As a UK appointed agent for Aurora Cruises, we are thrilled to be able to offer such exclusive trips to our dive clients, and we can offer places for non-divers too on any of the cruises. The Greg Mortimer will run a range of itineraries, with a huge variety of activities on offer, such as trekking, climbing, skiing, snowshoeing, snorkelling, diving and kayaking. An onboard team of expedition specialists – including naturalists, historians and scientists – are each hand-picked for their expertise and enthusiasm and will share their knowledge and passion through excursions and informal presentations on board.
The Greg Mortimer boasts one of the lowest passenger capacities in expedition cruising, which means longer and more relaxed landings and a more intimate experience. Usually two, sometimes three, excursions per day are planned and passengers can easily board one of the 15 zodiacs from four sea-level launching platforms.
For the dive cruises, two dives per day are planned (conditions permitting), lead by dive experts who will lead you into a polar underwater world of surreal ice formations and breathtaking marine life. Please contact us for details of available dive trips.

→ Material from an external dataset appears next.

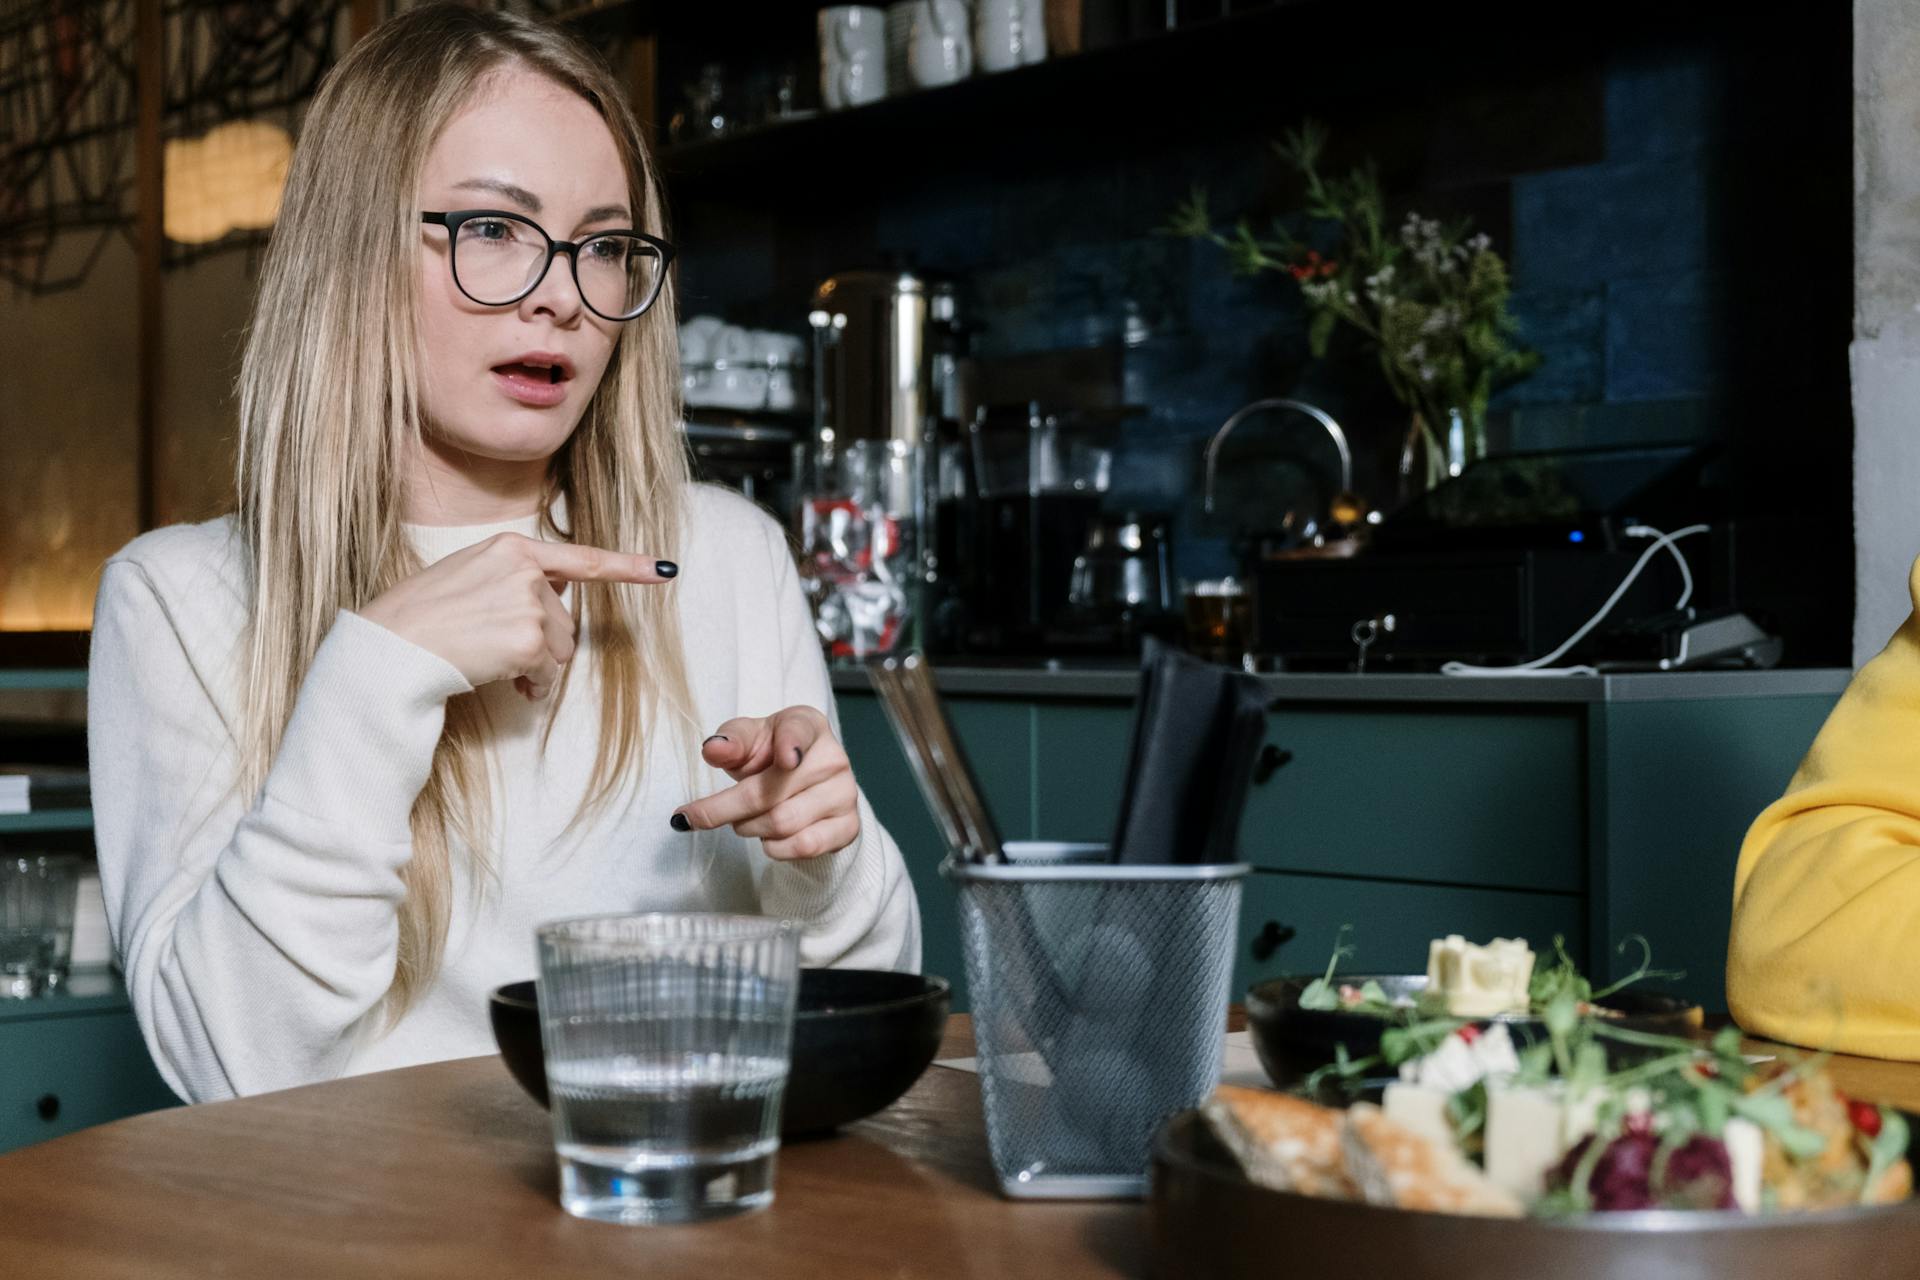 A woman warning someone at the restaurant | Source: Pexels

Depending on which cruise itinerary you join, the Greg Mortimer departs from Longyearbyen, In Spitsbergen, or Reykjavik for Iceland trips. For the ‘Jewels of the Arctic’ cruise shown further down this page, embarkation is at Longyearbyen. Scandinavian Airlines offer daily flights from Oslo, Norway, daily with a flight time of just under 3 hours. Due to the connection times, we recommend flying into Oslo from the UK and taking one night there, prior to continuing your journey to Longyearbyen to join the ship.

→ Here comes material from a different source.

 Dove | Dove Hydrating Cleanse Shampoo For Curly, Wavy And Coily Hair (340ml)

The ‘Jewels of the Arctic’ itinerary is just one of a dozen or so itineraries the Greg Mortimer runs throughout the Arctic, with trip varying from 11 days to 25 days, so please do feel free to contact us for information on other expeditions..
Quick Guide: Greg Mortimer
- 104m in length
- When to go: Jun – Sep
- 120 passengers, but maximum 12 divers per trip
- 80 cabins in five categories: 1 Captain’s Suite, 4 Junior Suites, 2 Balcony Suites, 58 Balcony Staterooms and 15 Aurora Staterooms
- Offers a huge range of activities for non-divers, but anyone participating in diving must be Advanced trained with experience in cold water diving
Accommodation & Facilities
Proudly named after Aurora’s adventurous co-founder, the Greg Mortimer is a 104m, purpose-built expedition vessel with the patented X-BOW® design; a state-of-the-art design allowing for more gentle sea crossings, faster transit speeds, as well as lower fuel consumption and air emissions.

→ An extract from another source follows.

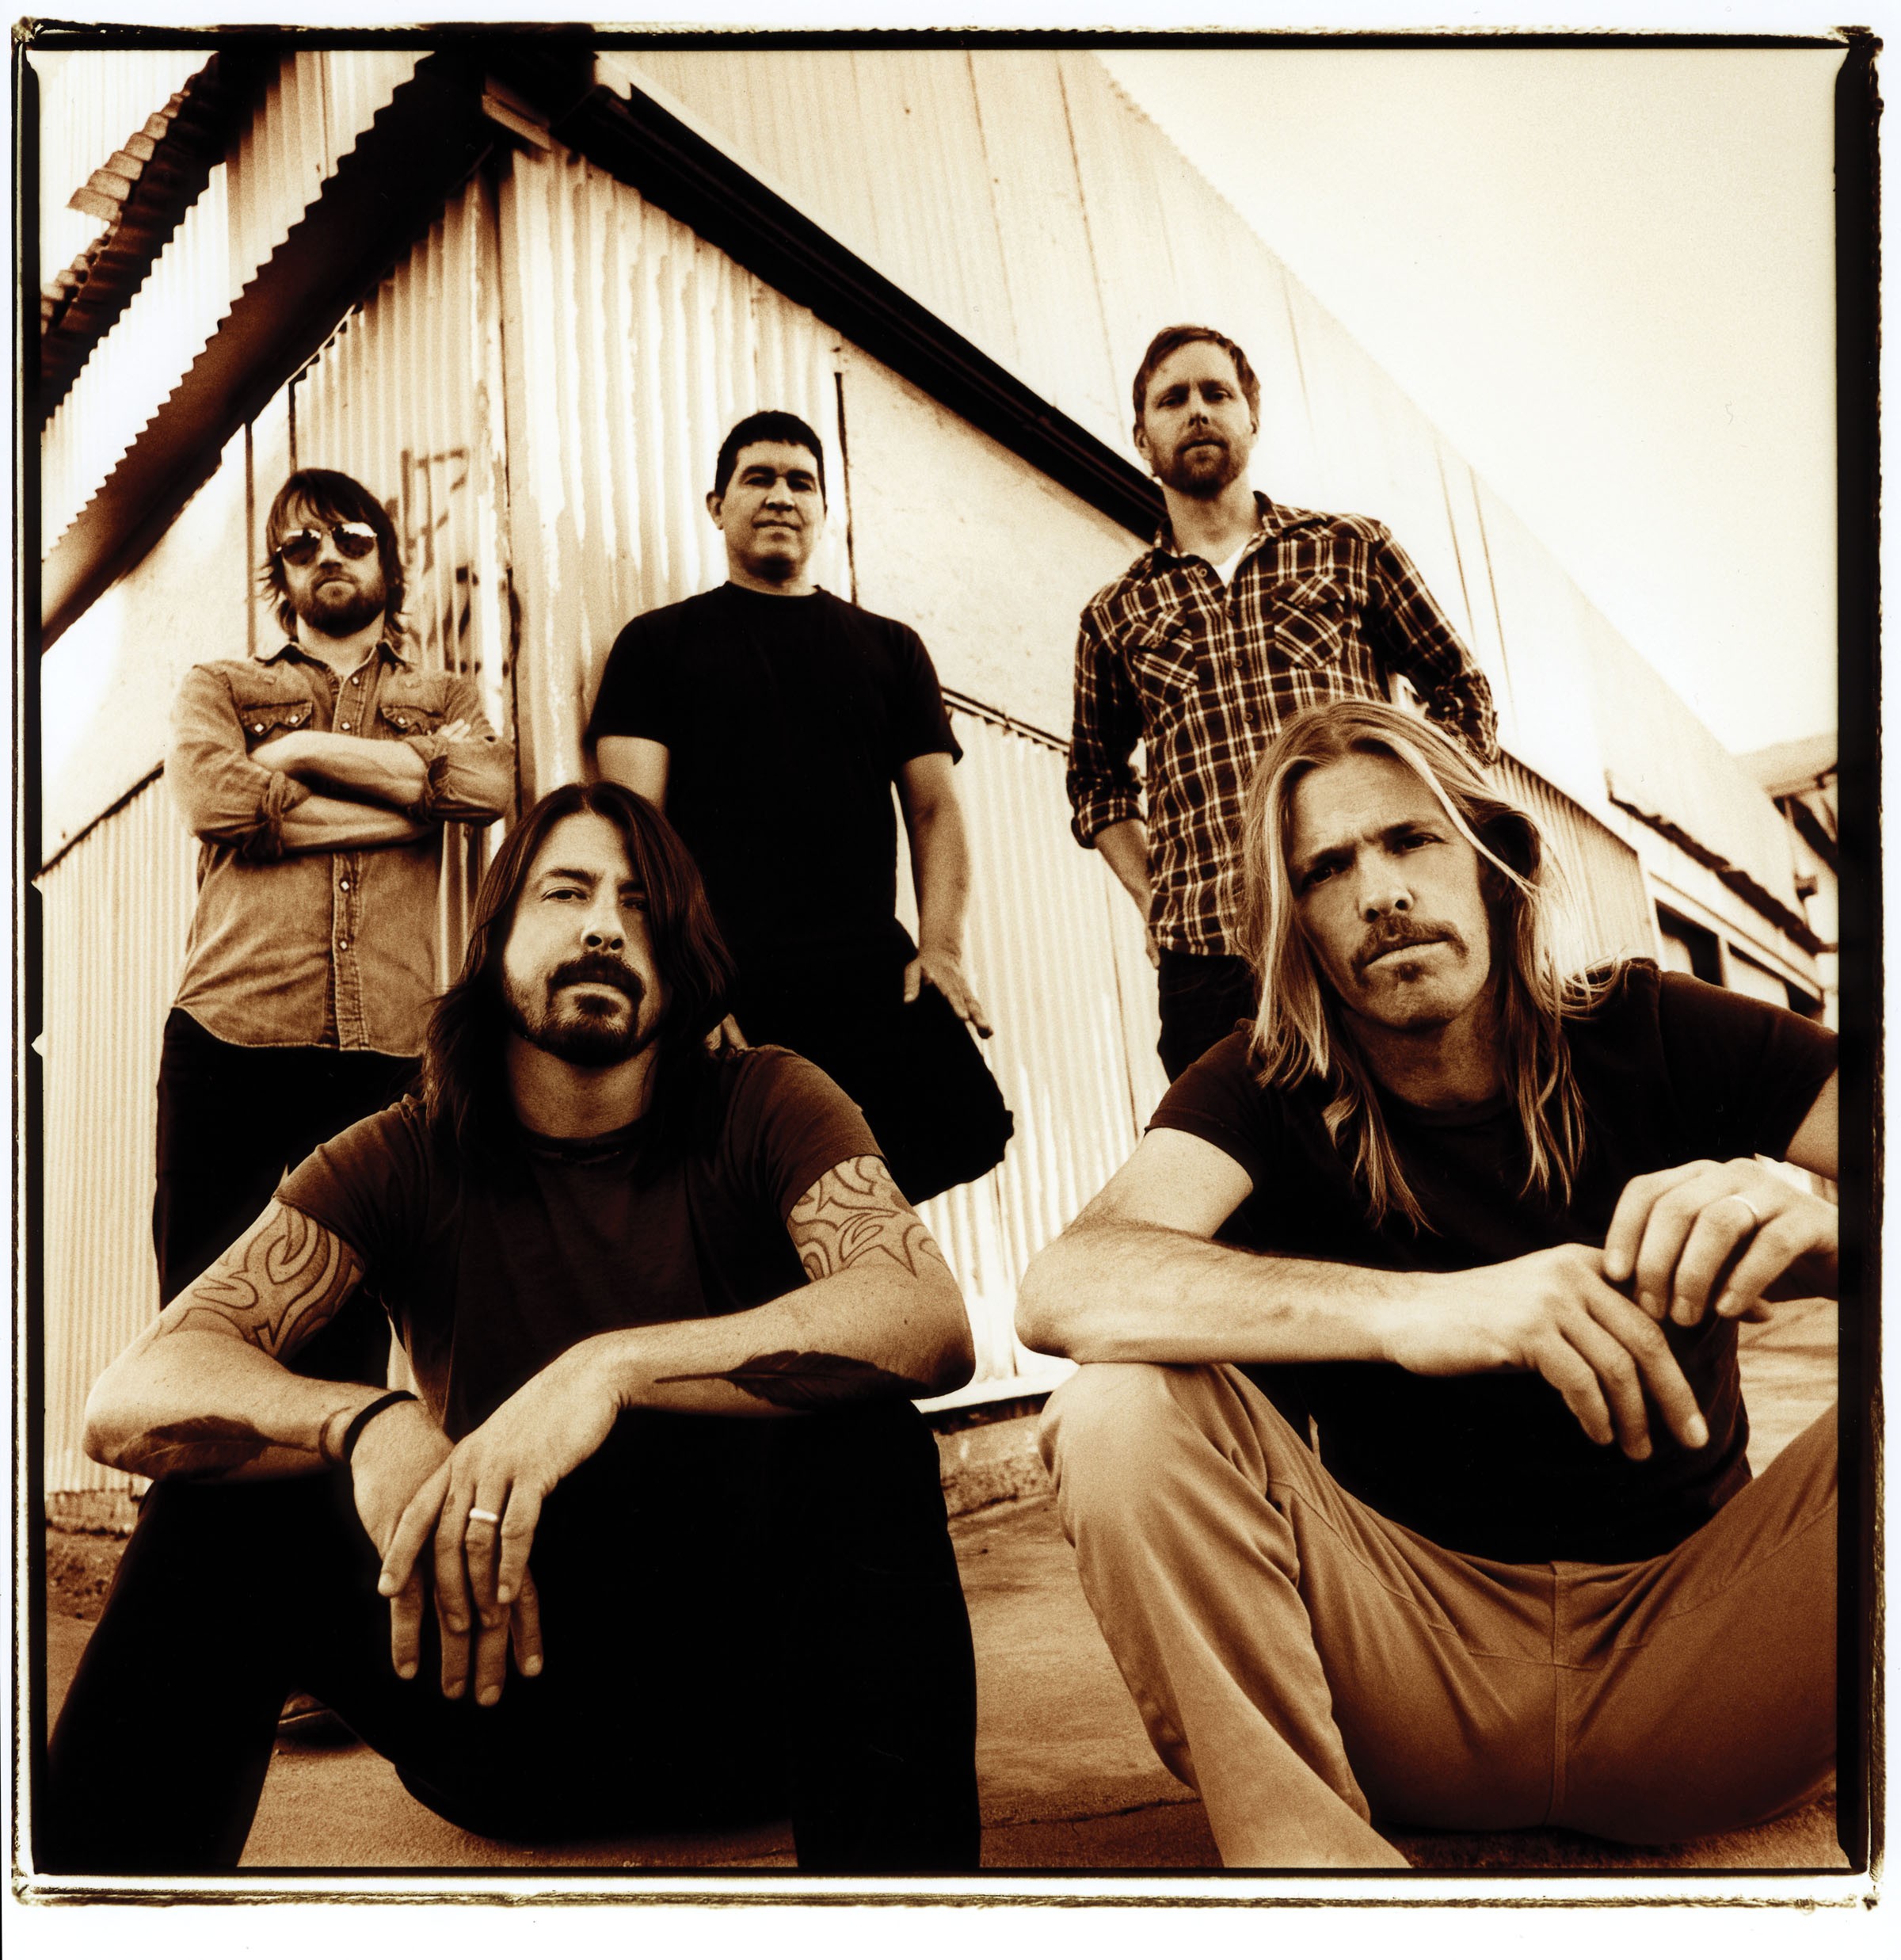 Crowdfunding Effort Under Way for Foo Fighters Show | Music | Style

The ship has dedicated observation platforms, including an upper deck, 360 degrees unobscured viewing platform.
There are four sea-level zodiac launching platforms, from dedicated activity preparation areas equipped with lockers and showers. These large ‘mud rooms’ are biosecurity cleansed before and after each excursion, to prevent cross-contamination through the different wildlife habitats visited.
Accommodation on board is in 80 comfortable staterooms, in five room categories; 1 Captain’s Suite, 4 Junior Suites, 2 Balcony Suites, 58 Balcony Staterooms and 15 Aurora Staterooms. All rooms have private bathrooms, personal storage options, twin and double-bed configuration options, ample storage, international power outlets and a daily cabin service, as well as all the basic amenities that you’ll need onboard.
Across four of the five room categories there are large floor to ceiling windows that offer prime observation opportunities around the clock, with roughly 80% of the staterooms offering private balconies. There are also inter-connecting staterooms for families or friends.
Facilities on board include two bars/lounges, with stunning floor to ceiling windows offering a special perspective on the landscape. There is also a library, and a Wellness Centre complete with gym, sauna and spa.
Meals are served in the large restaurant with family style dining, and there is also a private dining area available on request. A range of house wine, beers and soft drinks are included with dinner and complimentary teas, coffees and snacks are available 24 hours a day.
On the last day of the trip, the team on the Greg Mortimer will put on a special farewell four-course dinner with cocktails – a perfect way to reflect on the highlights of your cruise and to consolidate friendships with the people you’ve met on-board.
Jewels of the Arctic 13/14/15 DAYS from £6,700 per person (excluding flights)
One of the most-anticipated voyages each year, the Jewels of the Arctic cruises the icy waters of the Greenland Sea between Iceland and Spitsbergen, where whales, sea ice and countless sea birds can be seen. Your days will be jam-packed with once-in-a-lifetime moments: we Zodiac cruise amongst gigantic icebergs, revel in gorgeous tundra walks, spot arctic foxes, musk ox, walrus and polar bears. Greenland’s breathtaking mountainous landscapes will leave you speechless as the voyage goes along, and Inuit communities will make you feel at home whilst we stop by their small settlement, Ittoqqortoormiit. These are the jewels of the Arctic!
Maximum126 passengers (including 20 kayakers and 6 divers)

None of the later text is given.